Pulse-Width Saturation and Kelly-Sideband Shift in a Graphene-Nanosheet Mode-Locked Fiber Laser with Weak Negative Dispersion

The optimized soliton mode locking of the erbium-doped fiber laser (EDFL) and its pulse-shortening dynamic with the graphene nanosheet is demonstrated by precisely detuning the weakly negative group-delay dispersion (GDD) and maintaining strong self-phase-modulation (SPM), to obtain the shortest pulse width of 449 fs with a spectral linewidth of 6.02 nm. The pulse evolution with the mode-locking mechanism changing from the self-amplitude-modulation of the saturable absorber, to the soliton compression caused by the GDD and SPM is experimentally and numerically investigated in detail.

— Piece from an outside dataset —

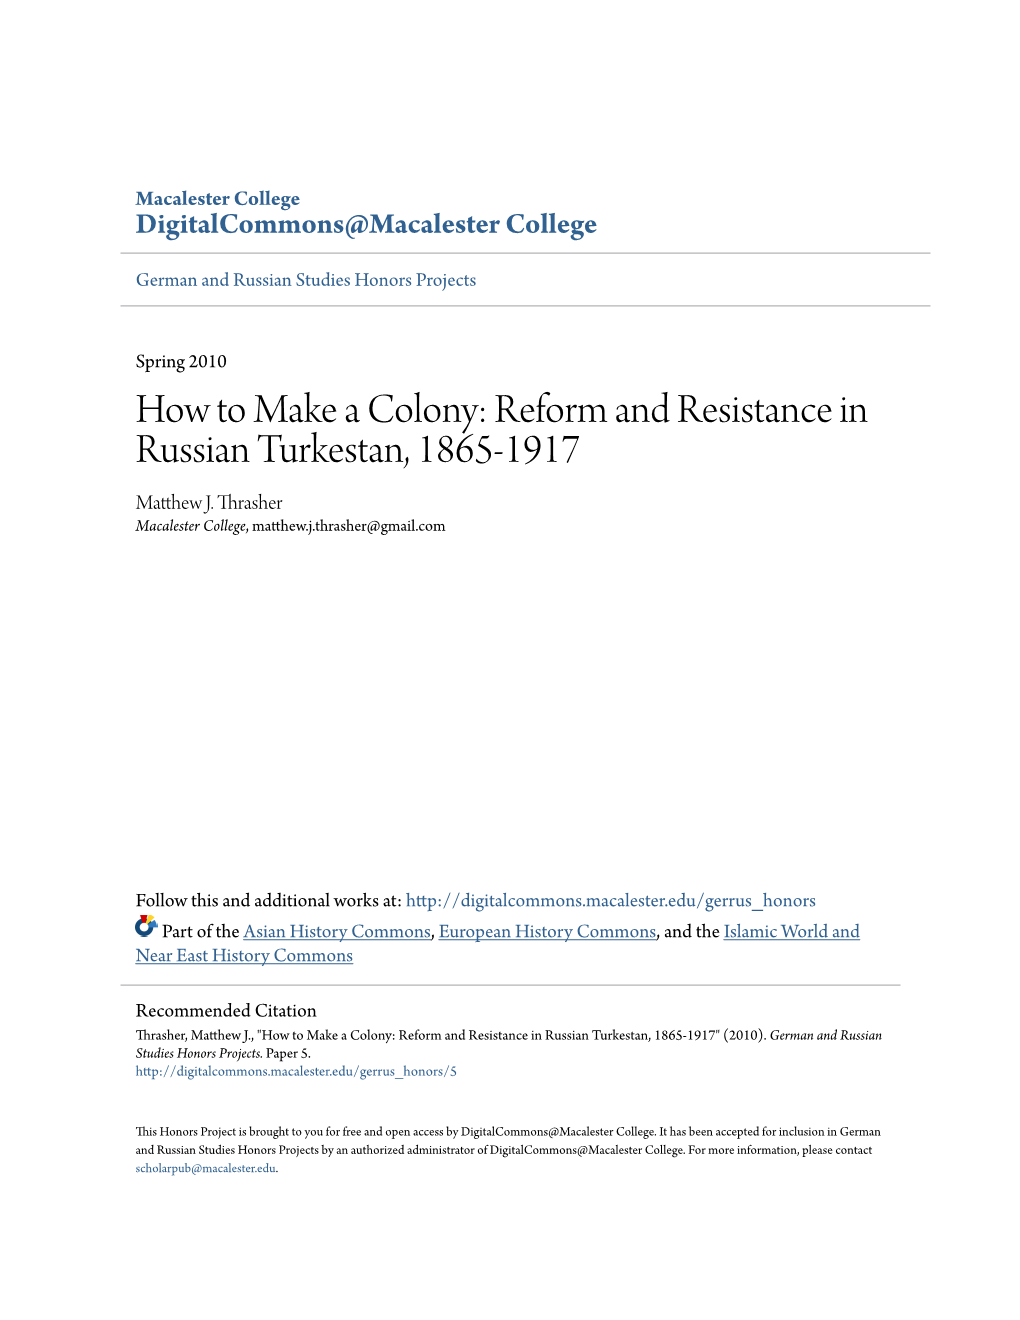 How to Make a Colony: Reform and Resistance in Russian Turkestan, 1865-1917 Matthew .J Thrasher Macalester College, Matthew.J.Thrasher@Gmail.Com

Under high pumping powers, the enlarged up-chirp inside the EDFL cavity can induce a significant Kelly-sideband shift of up to 0.5 nm. The passively-mode-locked EDFL pulse width is controllable by detuning the GDD and SPM parameters, so that the pulse width can be compressed from 642 to 449 fs while reducing the negative GDD from $-0.354$ to $-0.154{\mathrm{ps}}^2$. The compression ratio can be also improved by strengthening the SPM at this stage.

Figure 1

(a) A photograph of the electrochemical exfoliation process and SEM images of graphene nanosheets obtained at dc voltages of $+3$ and $+6\mathrm{V}$. (b) The Raman scattering spectra. (c) Nonlinear transmittances. (d) Normalized absorbance of graphene nanosheets obtained at dc voltages of $+3$ and $+6\mathrm{V}$.

Figure 2

(a) The configuration of the passively-mode-locked EDFL with a graphene nanosheet. (b) The simulated pulse width and compression ratio of the passively-mode-locked EDFL versus cavity GDD with the given parameters. (SA represents saturable absorber.)

Figure 3

The autocorrelation traces and optical spectra of the passively-mode-locked EDFLs at different pumping powers with graphene nanosheets obtained by using the dc voltages of $+3$ and $+6\mathrm{V}$.

Figure 4

(a) The variations of pulse width and (b) spectral linewidth of the passively-mode-locked EDFLs at different pumping powers with the graphene nanosheets obtained by using the dc voltages of $+3$ and $+6\mathrm{V}$.

Figure 5

The shift of the Kelly-sideband peak in the pulse spectrum of the passively-mode-locked EDFL with a graphene nanosheet obtained by $+3\mathrm{V}$ under different pumping power.

Figure 6

(a) The optical spectra of the passively-mode-locked EDFLs with and without the graphene nanosheet in the wavelength domain. (b) The optical spectra of the passively-mode-locked EDFLs with and without the graphene nanosheet in the frequency domain.

Figure 7

(a) The experimental and simulated pulse-width variation versus different GDD by changing the SMF length. (b) The simulated compression ratio $\tau :{\tau }_0$ versus different GDD under the altering ${\delta }_n$ coefficients.